_Data_
= = = =

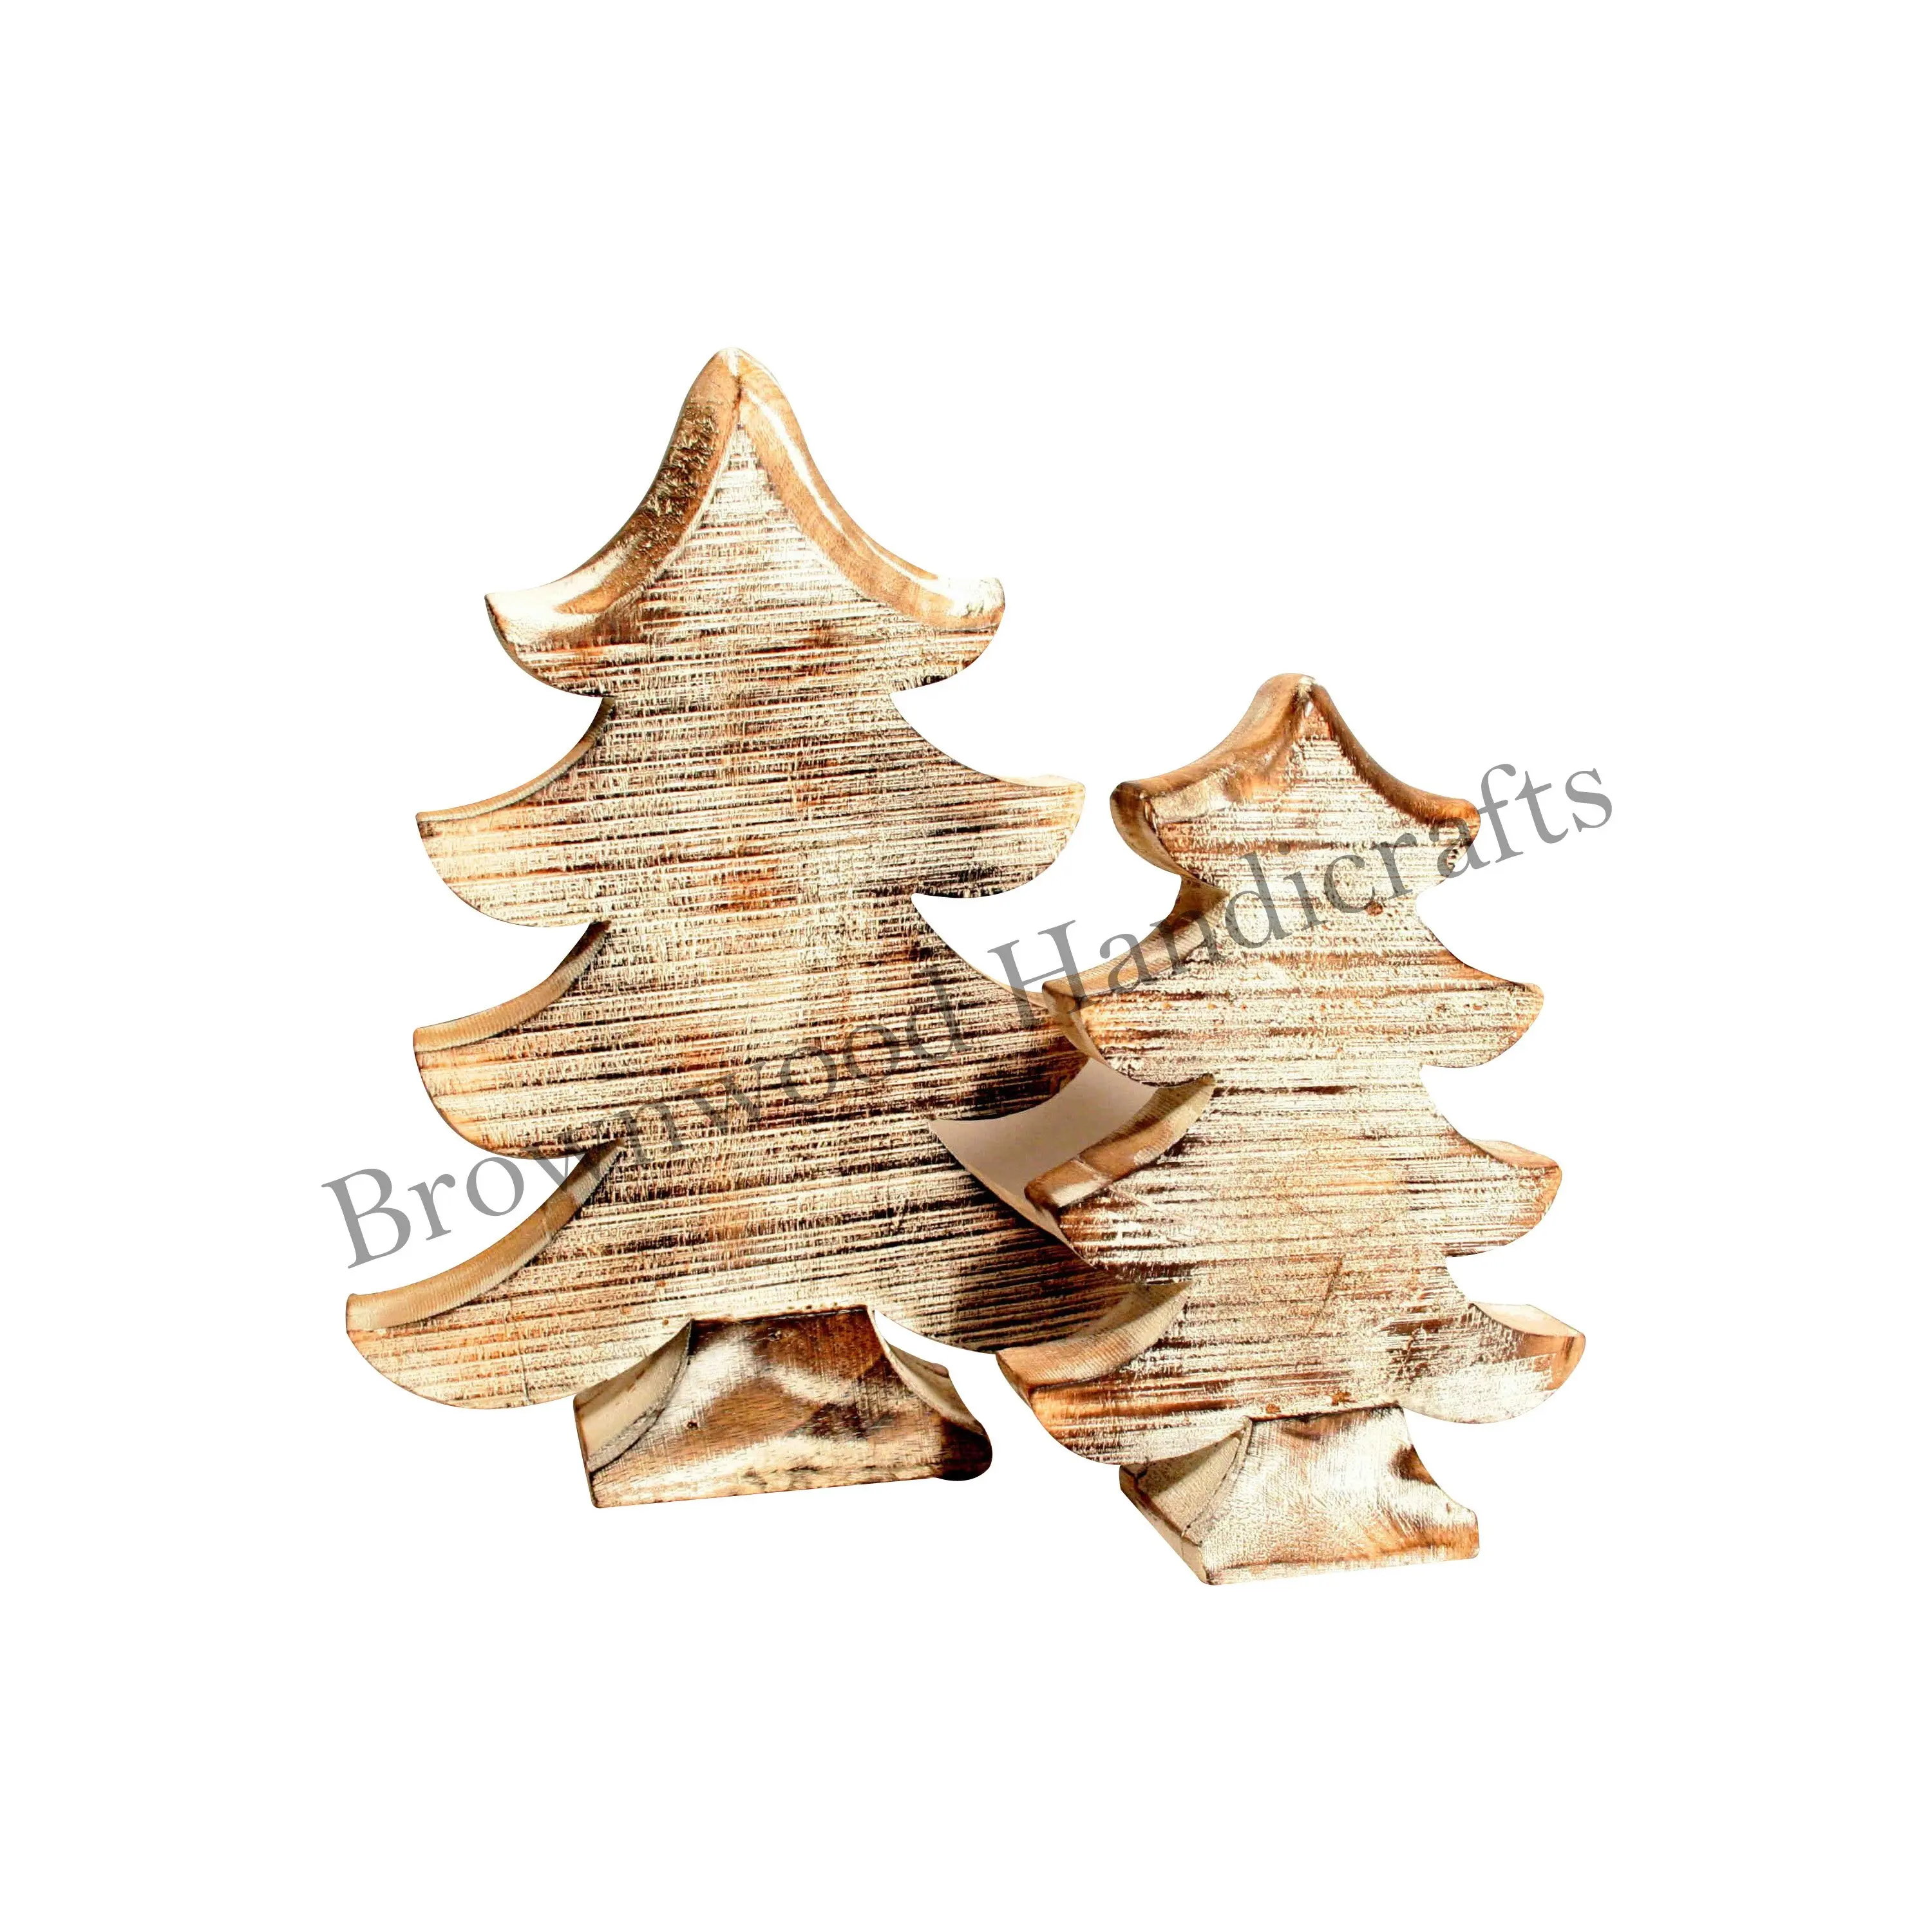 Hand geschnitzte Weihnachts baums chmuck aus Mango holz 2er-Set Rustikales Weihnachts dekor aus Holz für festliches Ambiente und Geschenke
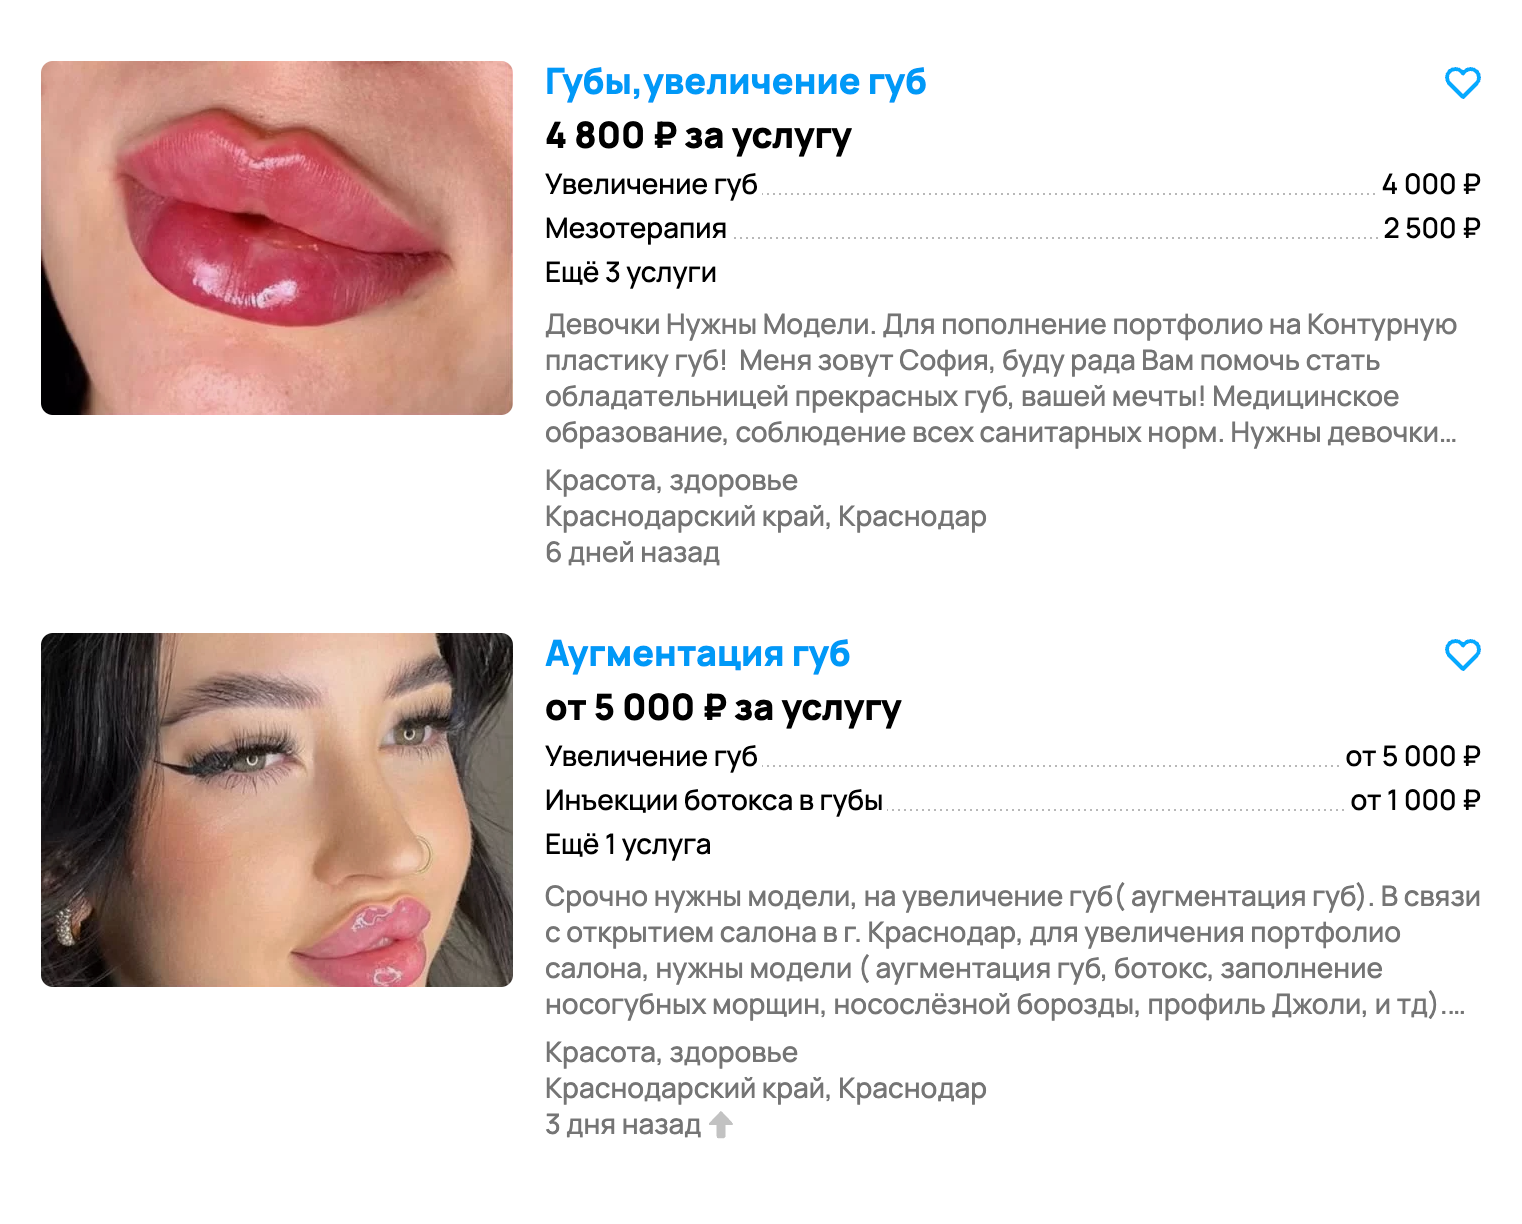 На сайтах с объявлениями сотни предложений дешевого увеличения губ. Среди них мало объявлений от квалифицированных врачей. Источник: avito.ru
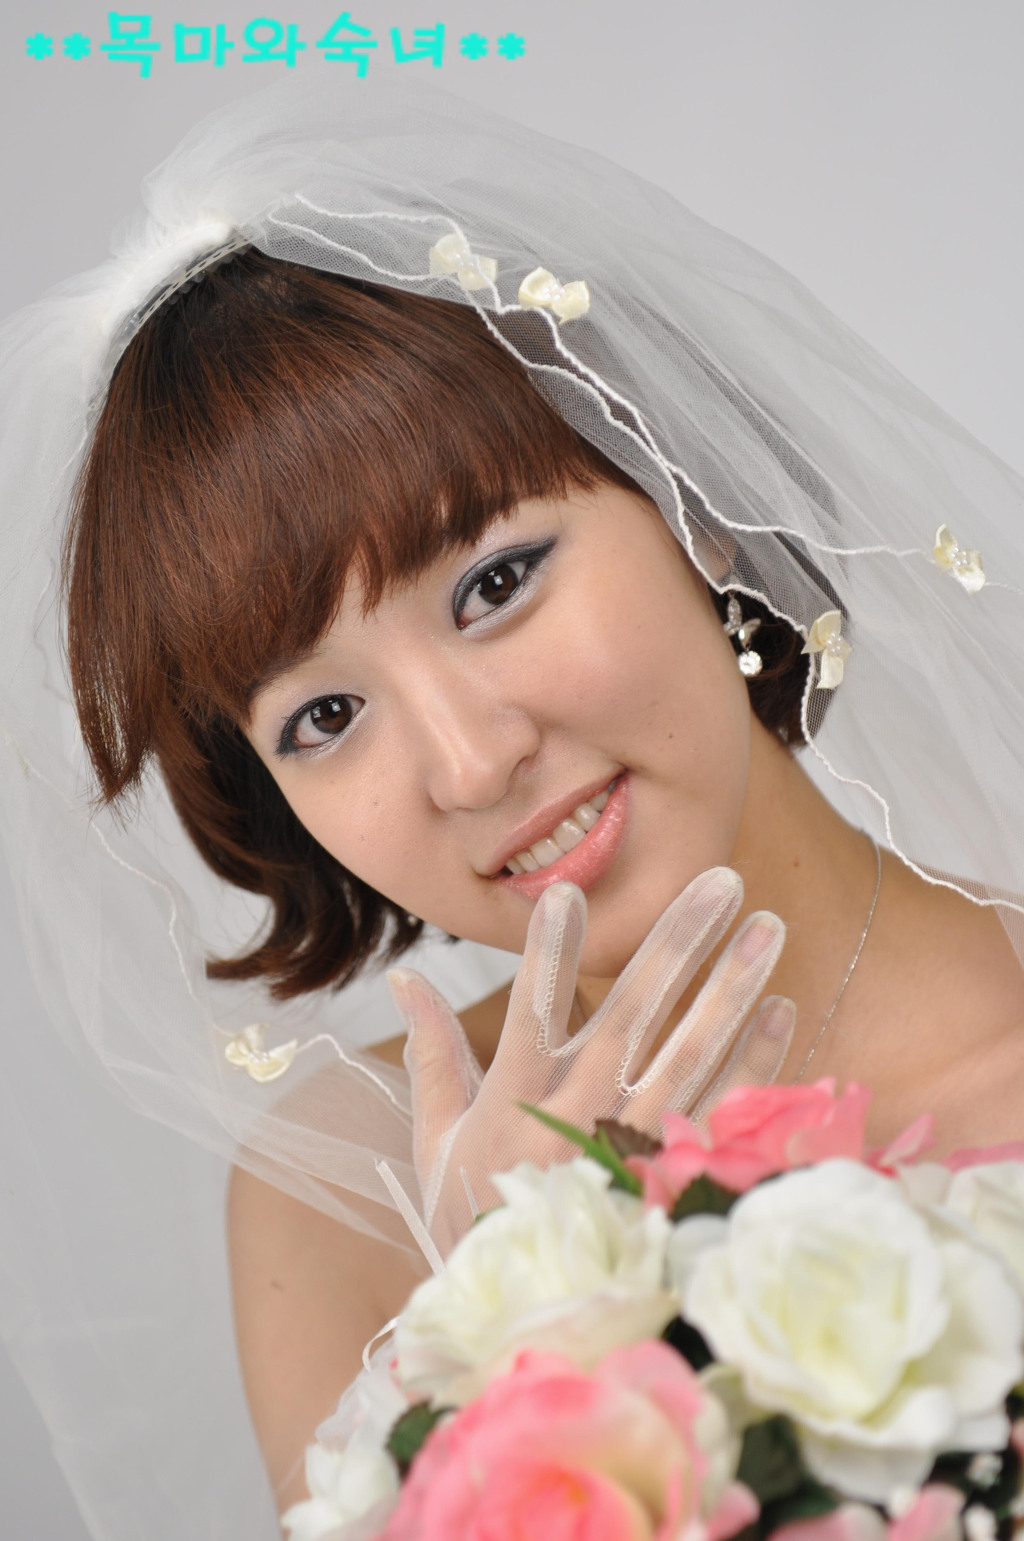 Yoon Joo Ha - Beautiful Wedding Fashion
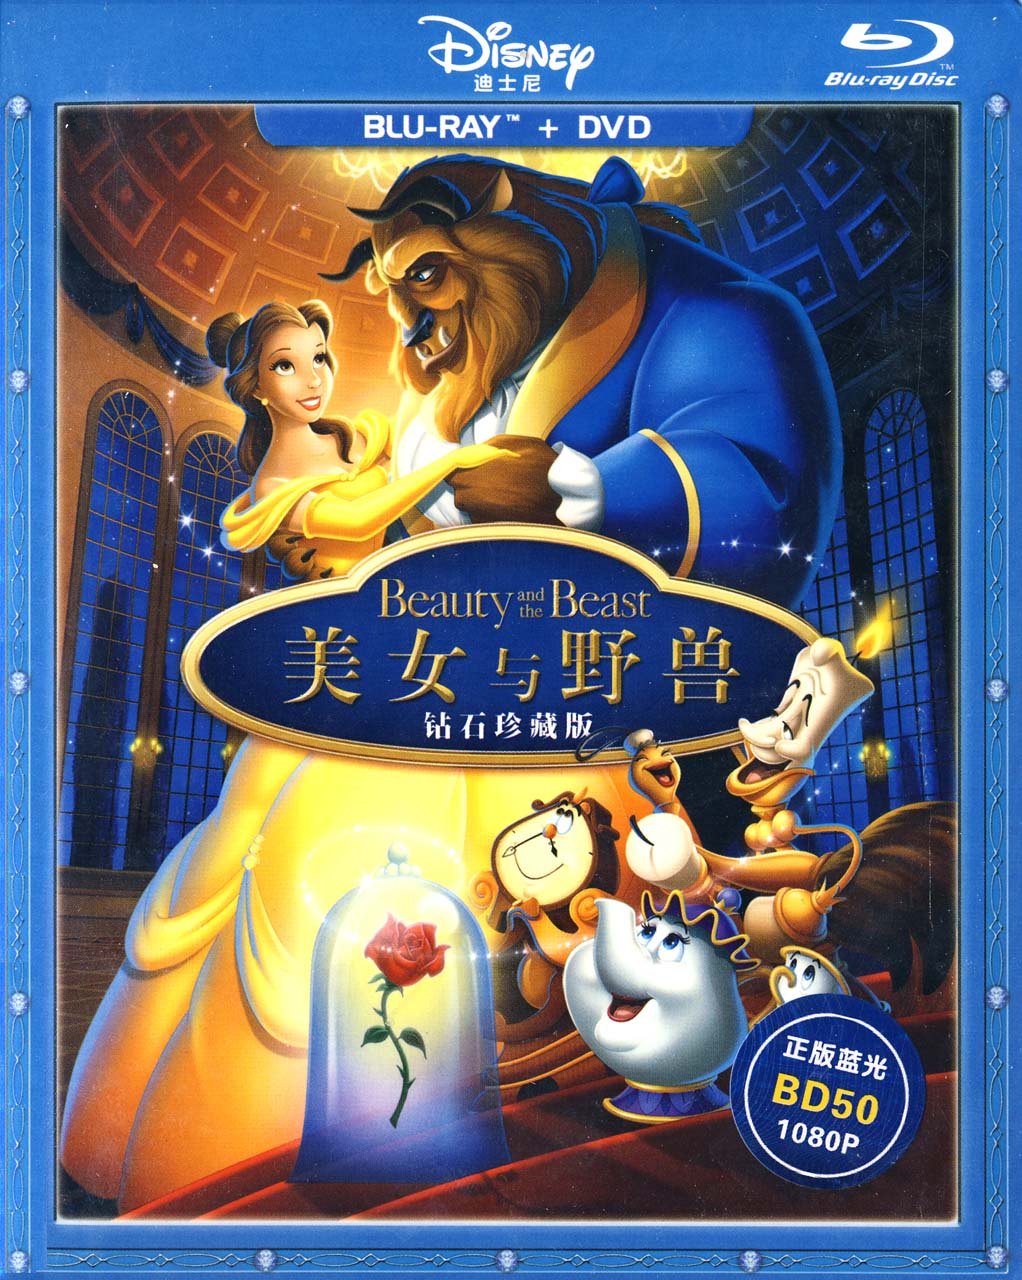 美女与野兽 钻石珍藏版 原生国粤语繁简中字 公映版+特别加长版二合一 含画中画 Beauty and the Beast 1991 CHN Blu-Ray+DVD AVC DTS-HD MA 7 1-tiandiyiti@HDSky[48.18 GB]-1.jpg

= = = =

_Task brief_
Lines from the one holding "Yoon Joo Ha - Beautiful Wedding Fashion" to the end of the data, both ends included, are to be given again exactly; no pictures belong in the copy.

_Task response_
 Yoon Joo Ha - Beautiful Wedding Fashion
 美女与野兽 钻石珍藏版 原生国粤语繁简中字 公映版+特别加长版二合一 含画中画 Beauty and the Beast 1991 CHN Blu-Ray+DVD AVC DTS-HD MA 7 1-tiandiyiti@HDSky[48.18 GB]-1.jpg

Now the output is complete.